ADR-0008: Trust score uses objective signals only — no LLM self-confidence¶
Status: Accepted Date: 2026-05-11 Tags: trust · safety Related: ADR-0009, ADR-0012, ADR-0015
Context¶
The Trust-Aware gate layer (../design.md §4.1 Layer 3) gates every state transition behind a "is this safe to advance?" check. The natural temptation is to ask the LLM itself: "how confident are you in this output?" and use the answer as a gate input.
Published research argues this is worse than no signal at all. The "Confidence Trap" finding in ../../gemini-auto-agent-design.md §"Mitigating the Confidence Trap" reports that agentic PRs at the highest self-reported confidence levels (8–10 out of 10) still introduce breaking changes at 3.16–3.96%. At confidence 10, the rate is 3.16% — 458 breaks out of 14,509 commits. The correlation between LLM-reported confidence and code correctness breaks down completely during maintenance tasks.
A gate keyed on self-reported confidence produces false reassurance proportional to risk.
Options considered¶
- LLM self-reported confidence. Cheap, easy, available. Empirically miscalibrated during the exact tasks (maintenance, refactor) where the system makes its money.
- Objective signals only. Sandbox build status, test pass/fail counts, SAST findings, CVE delta direction, runtime-trace coverage, policy-engine block events. Slower, more infrastructure, but the signal is from the world, not from the model.
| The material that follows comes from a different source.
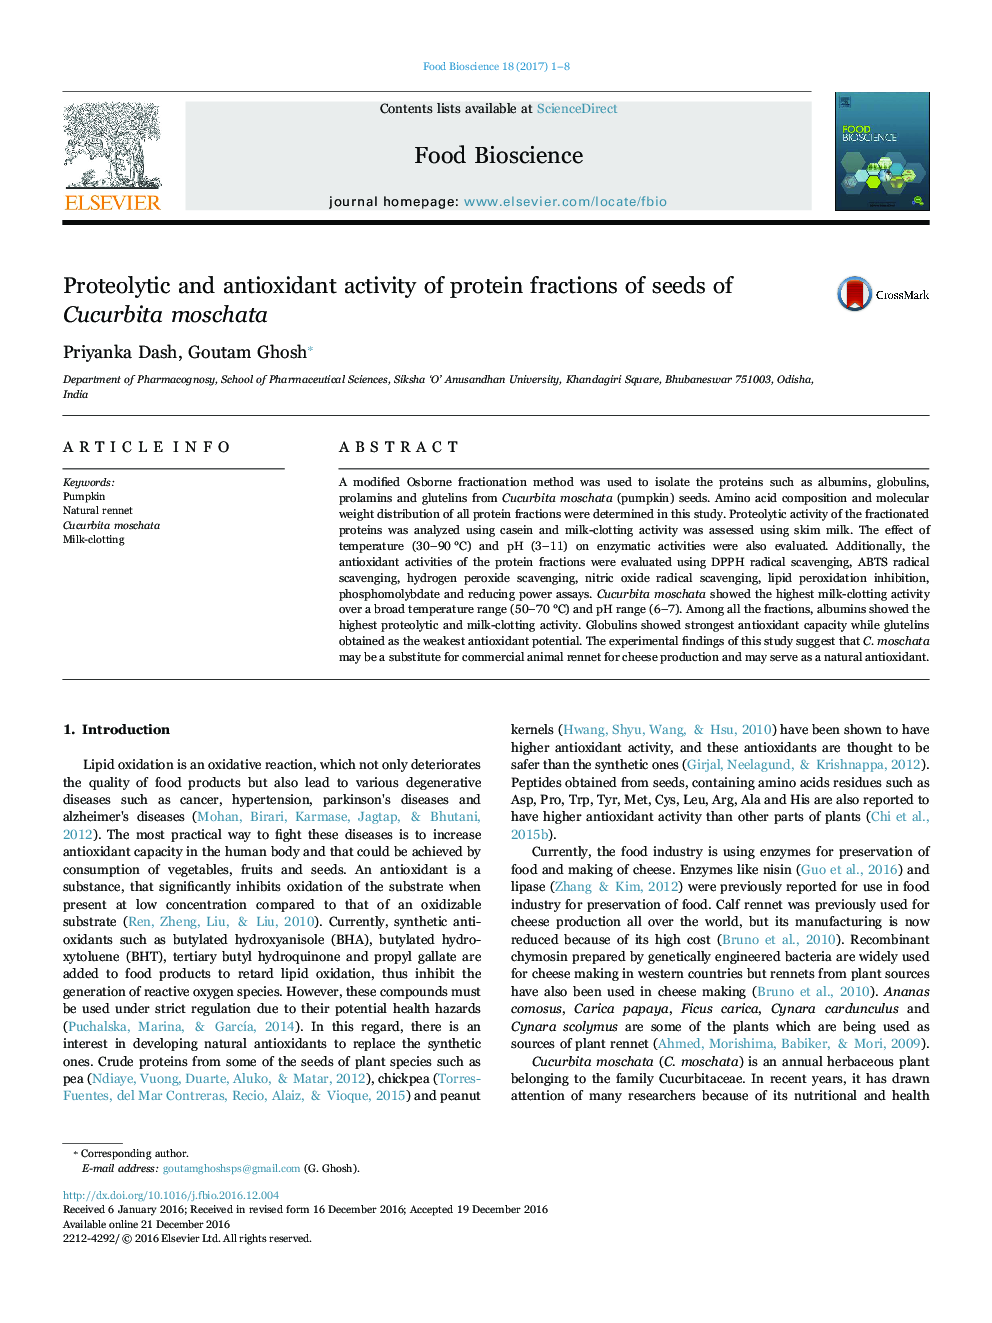 Proteolytic and antioxidant activity of protein fractions of seeds of Cucurbita moschata

- Hybrid: objective primary, self-confidence as tie-breaker. Compromise. Still vulnerable to the Confidence Trap when objective signals are borderline.
Decision¶
Trust score is computed from objective evidence only. Specifically:
- Sandbox build status (binary)
- Test pass/fail counts and delta vs baseline
- SAST/DAST findings, new vs baseline
- CVE delta direction (more, same, or fewer)
- Runtime-trace coverage (which scenarios completed cleanly)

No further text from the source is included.